Yea I know. They are going for more than a thousand, and so are the ones on amazon. 
Hope you find a good priced one.


----------



## StratosZ4 (Jun 5, 2013)

To be honest, it would be really tempting to buy another, so I can wear one and keep the other one in BNIB condition.


I'd only wish I had bought two, when prices were still down to earth.

At $1k is pointless to buy it when I already have it.


----------



## luth_ukail (Jun 23, 2014)

Skywatches got one now for below 900usd. 


Sent from my iPad using Tapatalk


----------



## Millbarge (Apr 3, 2014)

luth_ukail said:


> Skywatches got one now for below 900usd.
> 
> Sent from my iPad using Tapatalk


interesting... i wonder if it is a return?

Also says it has hardlex, but i just assume that is a mistake


----------



## Robotaz (Jan 18, 2012)

Over 1000 posts on the two LE Sumo threads, and over 100,000 thread views.

Pretty impressive.


----------



## Millbarge (Apr 3, 2014)

Robotaz said:


> Over 1000 posts on the two LE Sumo threads, and over 100,000 thread views.
> 
> Pretty impressive.


A legend in the making


----------



## iTreelex (Feb 27, 2014)

Thought I'd share this on the official sbdc027 thread. I just recently got this and upon inspection I saw this









I bought it brand new... can anyone relate to this? Thanks!


----------



## Pentameter (Aug 14, 2014)

Robotaz said:


> Over 1000 posts on the two LE Sumo threads, and over 100,000 thread views.
> 
> Pretty impressive.


I'm not surprised, it's a gorgeous piece that just about has it all. I just spent over 2K on the LE MM300 and even that doesn't have sapphire&#8230; I can't f'ing believe it.


----------



## Millbarge (Apr 3, 2014)

iTreelex said:


> Thought I'd share this on the official sbdc027 thread. I just recently got this and upon inspection I saw this
> 
> View attachment 3174394
> 
> ...


yikes!

where did you get it?
are they gonna take care of it?


----------



## iTreelex (Feb 27, 2014)

Bought it from a seller. I messaged them asking where they got it. It's only a small part of the thread that's missing. It continues again as you can see on the right (barely)


----------



## luth_ukail (Jun 23, 2014)

Millbarge said:


> interesting... i wonder if it is a return?
> 
> Also says it has hardlex, but i just assume that is a mistake


Probably. But someone can check it out. My previous deals with skywatches, none of the watches have any problems. Not even the popular misalign. So i assume its a mistake on the hardlex too.


----------



## bigduke6 (Jan 23, 2013)

iTreelex said:


> Bought it from a seller. I messaged them asking where they got it. It's only a small part of the thread that's missing.
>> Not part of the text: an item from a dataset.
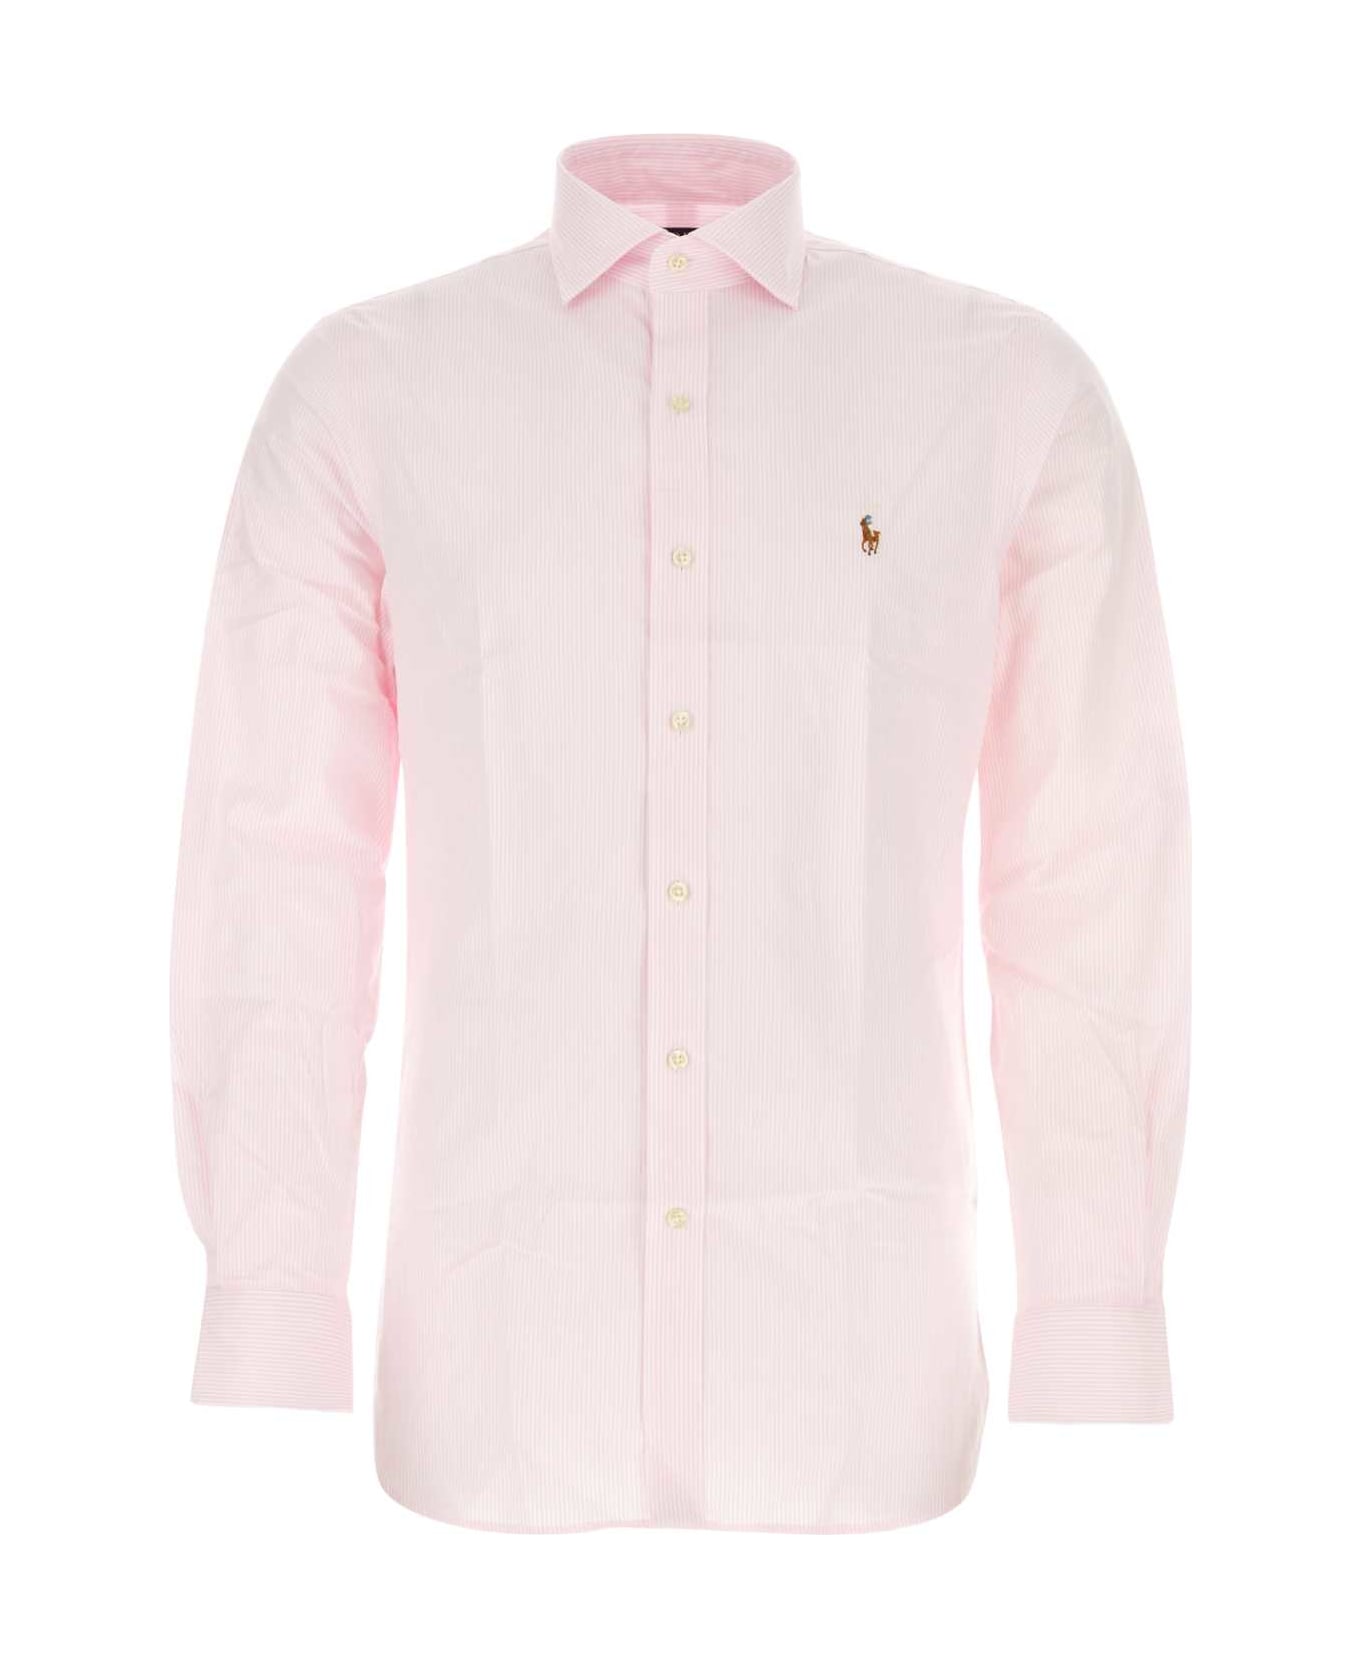 Polo Ralph Lauren Embroidered Oxford Shirt - PINKWHITE

It continues again as you can see on the right (barely)


It must be under warranty, and that's a simple fix.

I assume you are going to keep, and get it sorted by seiko!


----------



## krpdm (Oct 28, 2014)

Sumo LE 50th Anniversary, to keep the Shogun company.


----------



## bigduke6 (Jan 23, 2013)

Pentameter said:


> I'm not surprised, it's a gorgeous piece that just about has it all. I just spent over 2K on the LE MM300 and even that doesn't have sapphire&#8230; I can't f'ing believe it.


A dive watch without sapphire is actually better if you dive with it. A lot of times on a boat there is decent swell, and a lot of metal to smack the crystal on.
Even a lot of shore dives require entry and exit over rocks. The only crystal I have broken diving is sapphire.
For the others, I just buy made to measure clear crystal protectors off EBay.


----------



## Millbarge (Apr 3, 2014)




----------



## Millbarge (Apr 3, 2014)

felt like taking a bunch of pics this morning:


----------



## LuisR (May 9, 2014)

Finally got my hands on mine and took some pictures!


----------



## Robotaz (Jan 18, 2012)

Isn't it funny how we take pictures of the watches we love, and everyone enjoys it?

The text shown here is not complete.